Built for the inbox-bankruptcy use case: you have 50k–500k unlabeled emails, most of them marketing / political / automated, but real things are mixed in (family, receipts, school, medical, government). Manual triage is intractable; a hard-coded rules engine misses too much; a generic AI tool either touches things it shouldn't or sends your mail to a vendor. This script is a middle path.

Why this exists

I had ~313k old emails I'd been ignoring for a decade (see docs/results.md for the full run breakdown). The math is brutal:

Path Time Money Privacy
Manual (3 sec / email, average) ~260 hrs ≈ 6.5 weeks full-time $0 full
This script, local LLM on a consumer GPU ~65 hrs of active LLM time (4 worker threads serialize on a single GPU; idle / downtime / failed-call retries excluded) ~$6 of electricity full — nothing leaves the machine
This script, Claude Haiku 4.5 ~60–100 min ~$69 sender/subject/snippet leave the machine
This script, GPT-4o-mini ~60–100 min ~$10 same
This script, Gemini 2.0 Flash ~60–100 min ~$7 same

(Token + cost math for the API rows is in docs/cost-math.md. Local runtime is from my actual run on an RX 9070 XT + RX 9060 XT running qwen3.6:35b-a3b at IQ3, concurrency 4. Your mileage will vary.)

The script is conservative by default: dry-run is the default, trash is reversible for 30 days, and there's a sender whitelist that the LLM cannot override.

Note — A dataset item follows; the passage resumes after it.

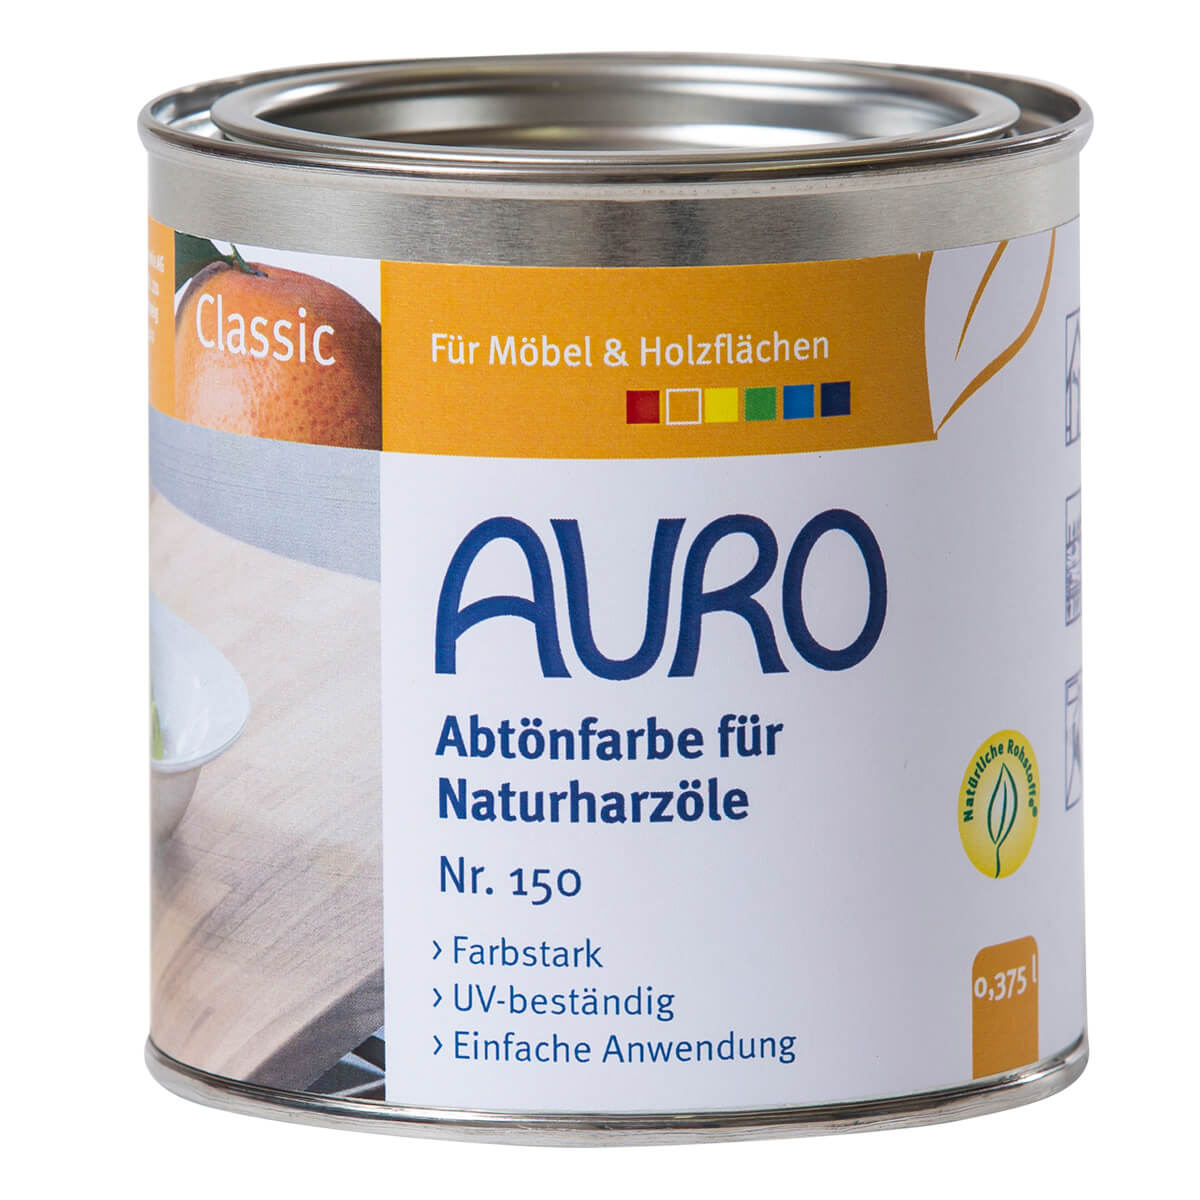 150-0.375-abtoenfarbe-fuer-naturharzoele-naturfarben

Expect an iterative workflow. A first pass typically clears the bulk of unwanted mail (~83 % of threads in the example run), but a post-hoc audit of the kept side usually surfaces a few-percent tail of false-keeps — recurring digests, old sign-in alerts, social- network reply notifications — that warrant a much shorter follow-on run with tightened rules. See docs/results.md for the procedure and concrete numbers from one real run.

Features

  • Local-LLM-by-default via Ollama or LM Studio. No email content leaves your network unless you pick a cloud backend.
  • Pluggable backends — Ollama, LM Studio (OpenAI-compatible), Anthropic Claude, or real OpenAI. Same script, four wire formats.
  • Batched classification — ~20 emails per LLM call.
  • Resumable — checkpoints after every batch to state.json. Ctrl+C and re-run with the same args; already-classified threads are skipped at Gmail-list speed.
  • Dry-run by default — every run produces a decision log first; nothing touches Gmail until you pass --apply.
  • Trash, not permanent delete — Gmail's 30-day recovery window protects against false positives.
  • Sender whitelist — addresses or domains that are never classified as trash, regardless of LLM judgment.
  • Auto-create labels — for important categories that don't exist yet, the agent creates them based on your labels.yaml catalog.
  • Audit trail — every decision logged with sender, subject, action, label, and reason.

What gets sent to the LLM

For each email:

  • Sender (From: header)
  • Subject
  • Snippet (the ~200-char preview Gmail provides; capped at 300 chars defensively by the prompt builder)
  • Age in days (derived from Gmail's internalDate). Lets the classifier apply different heuristics for "received last week" vs "received 5 years ago" — especially useful for inbox-bankruptcy on years-old mail where time-sensitive notices (sign-in alerts, verification codes, expired sales) are no longer actionable.
  • List-Unsubscribe: yes flag (RFC 2369). Personal mail almost never has this; bulk / automated / marketing mail almost always does. Very strong "this is automated" signal.
  • Never the full body unless you explicitly pass --include-body (off by default — and even then, snippet is preferred when available).
  • Never the exact Date. Only the derived age-in-days makes it into the prompt, not the raw timestamp.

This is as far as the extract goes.